Di tengah perenungan itu, datang seorang pelukis. Begitulah, suatu hari di minggu pertama bulan September 2000, telepon genggam Sitepu bersenandung. Ia diundang oleh Hardi, pelukis yang pernah melukis dirinya sendiri sebagai Presiden RI ke-III itu, untuk dilukis di studionya. Ketika itu Hardi merasa penasaran untuk memindahkan tubuh Aryanti ke kanvas, setelah mendengarkan diskusi mengenai kasus Gus Dur-Aryanti di radio Jakarta News FM. Hardi pun nimbrung ikut bicara melalui telepon.

“Dalam diskusi itu banyak orang tidak percaya bahwa kasus itu benar. Bahkan moderatornya cenderung menuduh ada motif politik di balik kasus itu. Ada pula yang menduga-duga cerita itu sebagai upaya pemerasan. Tapi saya percaya cerita itu benar, karena saya mengenal betul siapa Gus Dur,” kata Hardi. Maka datanglah Sitepu ke studio Hardi bersama Sarah. Rupanya ia sudah siap benar. Ia membawa serta pakaian ganti dan peralatan rias. Hanya sekitar dua jam ia berpose di depan Hardi sembari menceritakan kisah-kasihnya bersama Wahid.

Maka jadilah lukisan acrylic pada selembar kanvas ukuran 70×90 sentimeter persegi. Sang pelukis memberinya judul The Ballad of Aryanti Sitepu. “Saya berusaha keras menangkap suasana batin Aryanti. Ada kejujuran, kesederhanaan, tapi juga kegetiran dan kegamangan. Dibanding foto-fotonya yang banyak dimuat di media massa, lukisan yang saya buat ini lain sama sekali. Ketika saya melukis, kesan saya Aryanti benar-benar lagi gamang,” ujar Hardi. Mengenakan kebaya dan kain, lengkap dengan kerudung, Sitepu tampak duduk setengah tercenung.

Di latar belakang ada gambar payung. “Itu kan lambang kekuasaan,” kata Hardi. Juga ada selembar baju batik yang tergantung pada hanger. “Maksud saya, itu baju Gus Dur,” ujar Hardi, tanpa bermaksud bercanda. Dan seperti pada lukisan-lukisan karyanya yang lain, yang bermodelkan perempuan, pada The Ballad of Aryanti Sitepu Hardi juga meletakkan bulatan seperti matahari atau bulan di latar belakang. Merah menyala. “Ya, itu simbol kehidupan Aryanti. Biar bagaimana pun ia harus jalan terus.”

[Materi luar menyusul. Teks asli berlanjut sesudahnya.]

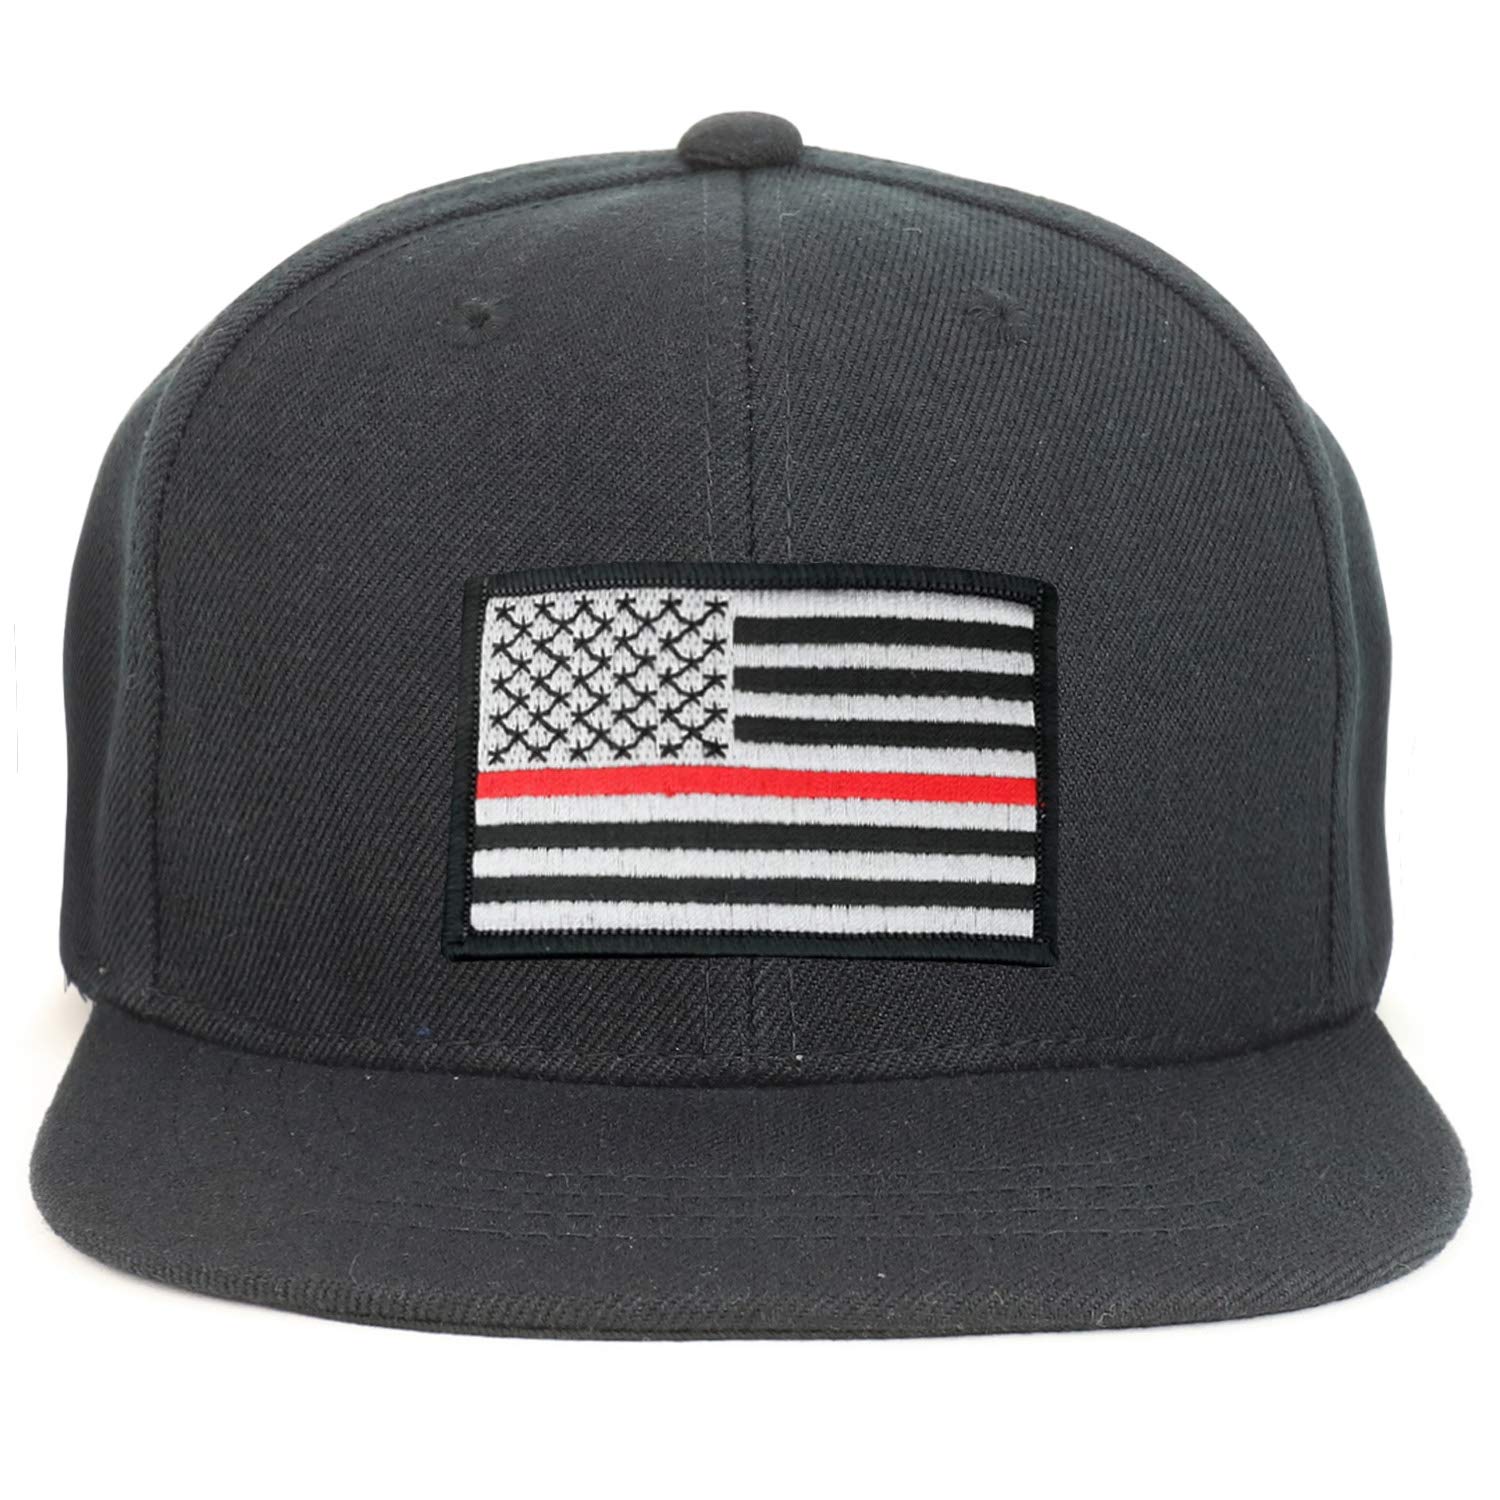 Armycrew Youth Kid Size Thin Red Line 2 American Flag Patch Flat Bill Snapback Baseball Cap

STRATEGI Gatra menurunkan laporan utama cukup jitu. Meski bukan satu-satunya majalah yang pertama kali mendapat informasi soal Aryanti Sitepu, majalah ini memimpin pemberitaan. Biarpun media dotcom macam Panji.co.id atau Berpolitik.com sudah lebih dulu menyiarkannya, Gatra adalah media cetak yang pertama kali menurunkan kasus yang menggegerkan itu. “Bahan yang kami peroleh cukup lengkap. Tapi kaset rekaman wawancara dan bahan-bahan lain kami simpan di laci dulu, menunggu konfirmasi dari istana dan news peg yang tepat,” kata Widi Yarmanto, pemimpin redaksinya. News peg adalah gantungan berita. Sebuah informasi bisa penting tapi baru bisa diberitakan dan bernilai besar bila ada gantungannya.

Dalam rapat redaksi, perdebatan pro dan kontra untuk menurunkan berita itu sangat tajam. Akhirnya Widi Yarmanto memutuskan: pertama, berita bisa diturunkan dengan syarat harus memenuhi liputan dua pihak; kedua, meskipun kejadiannya sudah lama, penurunan berita itu merupakan pesan moral bahwa seorang pejabat publik juga merupakan tokoh panutan, diungkap tanpa bermaksud menjatuhkannya; ketiga, untuk menempatkan berita itu sebagai peristiwa aktual, harus ditunggu news peg yang tepat. Akhirnya muncullah berita Antara 23 Agustus 2000 berisi himbauan pengurus Nahdlatul Ulama Jawa Timur agar pengikut mereta tetap tenang.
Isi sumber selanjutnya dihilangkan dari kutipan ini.